Por Luis G. Ortiz
Este fin de semana el Mundial llega a su fin. Con el último silbatazo terminará uno de los eventos deportivos más importantes del planeta, pero para México comenzará una etapa que exigirá mucho más que la organización de un torneo exitoso.
Durante varias semanas, el fútbol ocupó las conversaciones de millones de personas, impulsó el turismo, generó una importante derrama económica y permitió que nuestro país volviera a proyectarse ante el mundo como un anfitrión, capaz de recibir un evento de talla internacional.

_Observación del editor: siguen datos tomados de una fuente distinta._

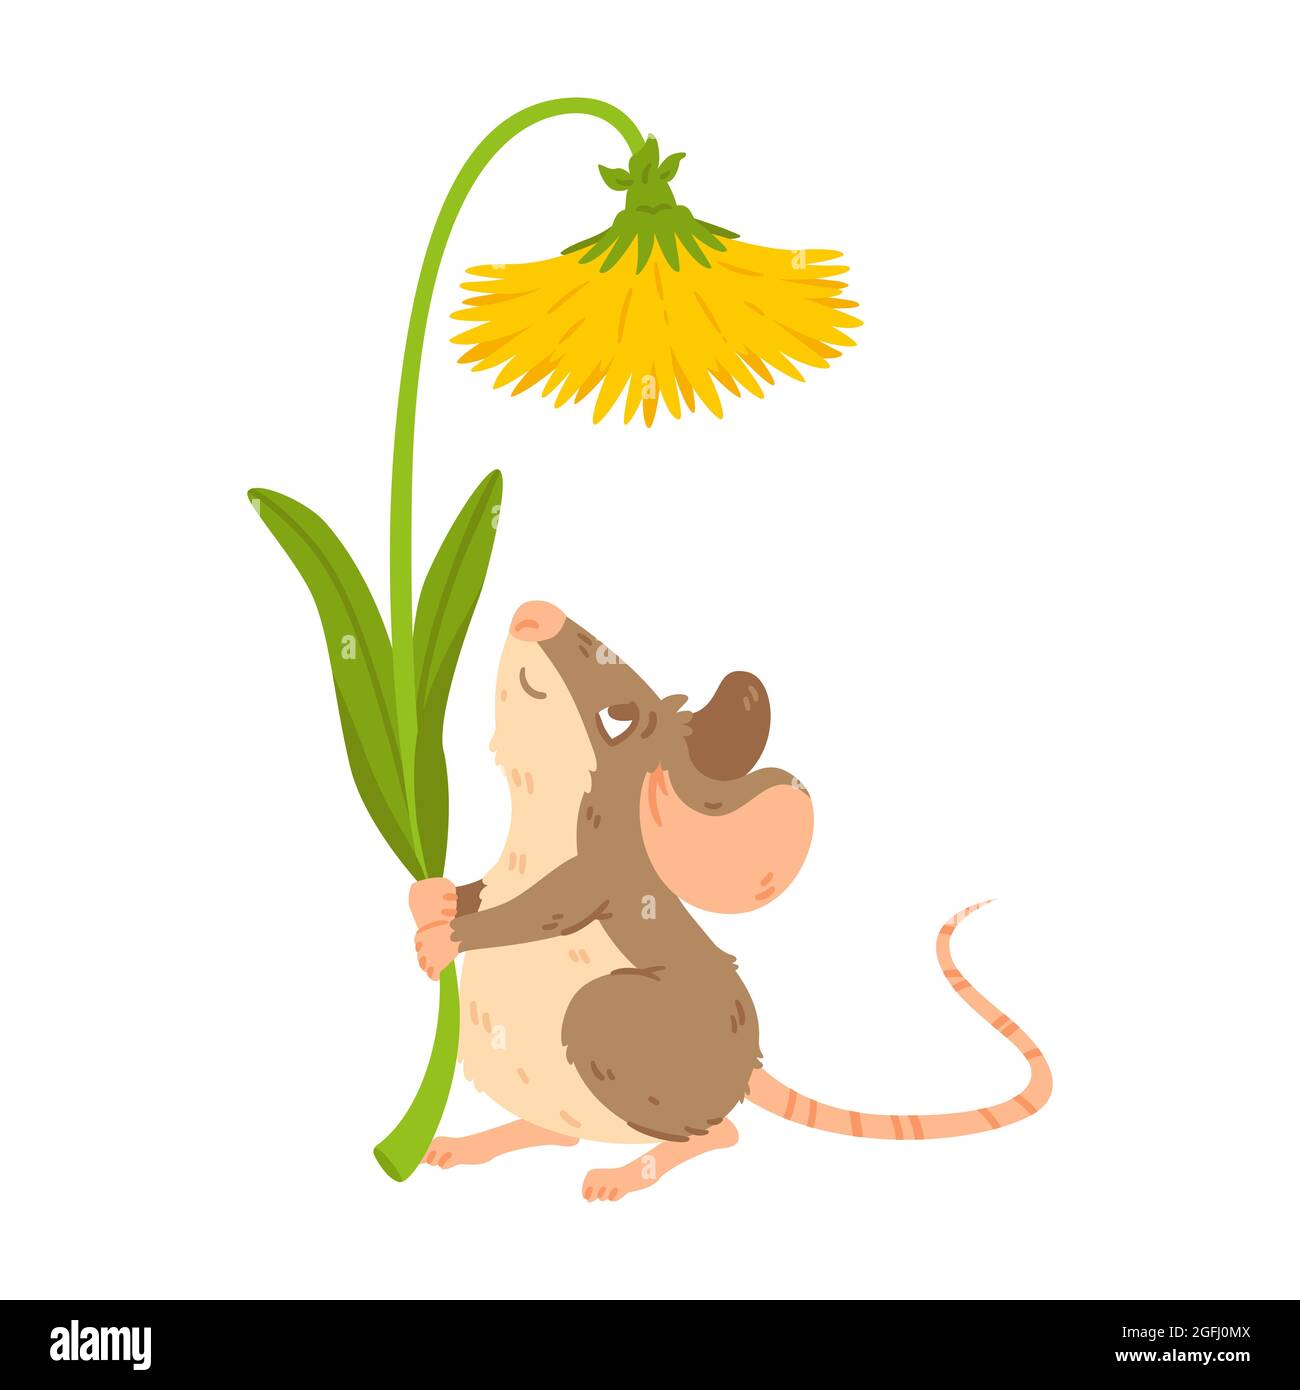 Piccolo bosco mouse tenere dente di leone. Vole prato con fiore. Fiore di mantenimento del ratto. Illustrazione isolata del carattere vettoriale su sfondo bianco. Illustrazione Vettoriale

El impacto económico del Mundial merece reconocerse. Hoteles, restaurantes, comercios y diversos prestadores de servicios, se beneficiaron de la llegada de visitantes nacionales y extranjeros.
Para muchas empresas y familias, este evento representó una oportunidad para incrementar sus ingresos y fortalecer su actividad económica. Además, permitió mostrar una imagen positiva de México ante millones de personas alrededor del mundo.
Sin embargo, cuando las tribunas queden vacías y las cámaras internacionales dejen de apuntar hacia nuestro país, los problemas nacionales volverán a ocupar el centro de la conversación. Porque, aunque el Mundial termina, los desafíos de México permanecen.
La inseguridad seguirá siendo una de las principales preocupaciones de las familias mexicanas; la economía enfrentará un entorno internacional cada vez más complejo; la inflación continuará afectando el poder adquisitivo de los hogares y sectores fundamentales como la salud, la educación y la infraestructura, seguirán demandando atención y soluciones de largo plazo.
A ello se suman retos que marcarán el rumbo del país durante los próximos meses. La relación con Estados Unidos, la atracción de nuevas inversiones y la necesidad de brindar certeza jurídica, serán factores determinantes para mantener la competitividad de México.
En un mundo donde los países compiten por atraer capital, talento y empresas, ya no basta con tener una ubicación estratégica; también es necesario ofrecer estabilidad, instituciones sólidas y confianza.
Quizá ahí se encuentre el verdadero reto después del Mundial. México debe ser capaz de transformar la exposición internacional que dejó este evento en oportunidades permanentes de crecimiento. La derrama económica que generó el torneo será positiva, pero el verdadero éxito estará en aprovechar este momento para impulsar la inversión, fortalecer la economía, generar empleos de calidad y mejorar las condiciones de vida de la población.
Porque la confianza también es un motor de desarrollo. La confianza de un empresario para invertir, la de un emprendedor para iniciar un proyecto, la de un joven que busca construir su futuro en México y la de una familia que espera vivir con tranquilidad. Esa confianza no se construye únicamente con grandes eventos internacionales; se fortalece con seguridad, Estado de derecho, instituciones eficientes y políticas públicas capaces de ofrecer resultados.
El Mundial llega a su fin. Ahora comienza el verdadero partido para México. Uno que no se juega en una cancha ni dura noventa minutos, sino que se disputa todos los días en la capacidad del país para crecer, generar oportunidades, reducir desigualdades y construir un futuro con mayor bienestar para las próximas generaciones.
Al final, el éxito de una nación no se mide únicamente por la manera en que organiza un evento deportivo o por la emoción que genera durante algunas semanas. Se mide por su capacidad para aprovechar esos momentos y convertirlos en desarrollo, progreso y mejores oportunidades para sus ciudadanos.
Y usted, estimado lector, cuando la emoción del Mundial quede atrás, ¿cuál considera que debe ser la prioridad de México para construir el futuro que queremos?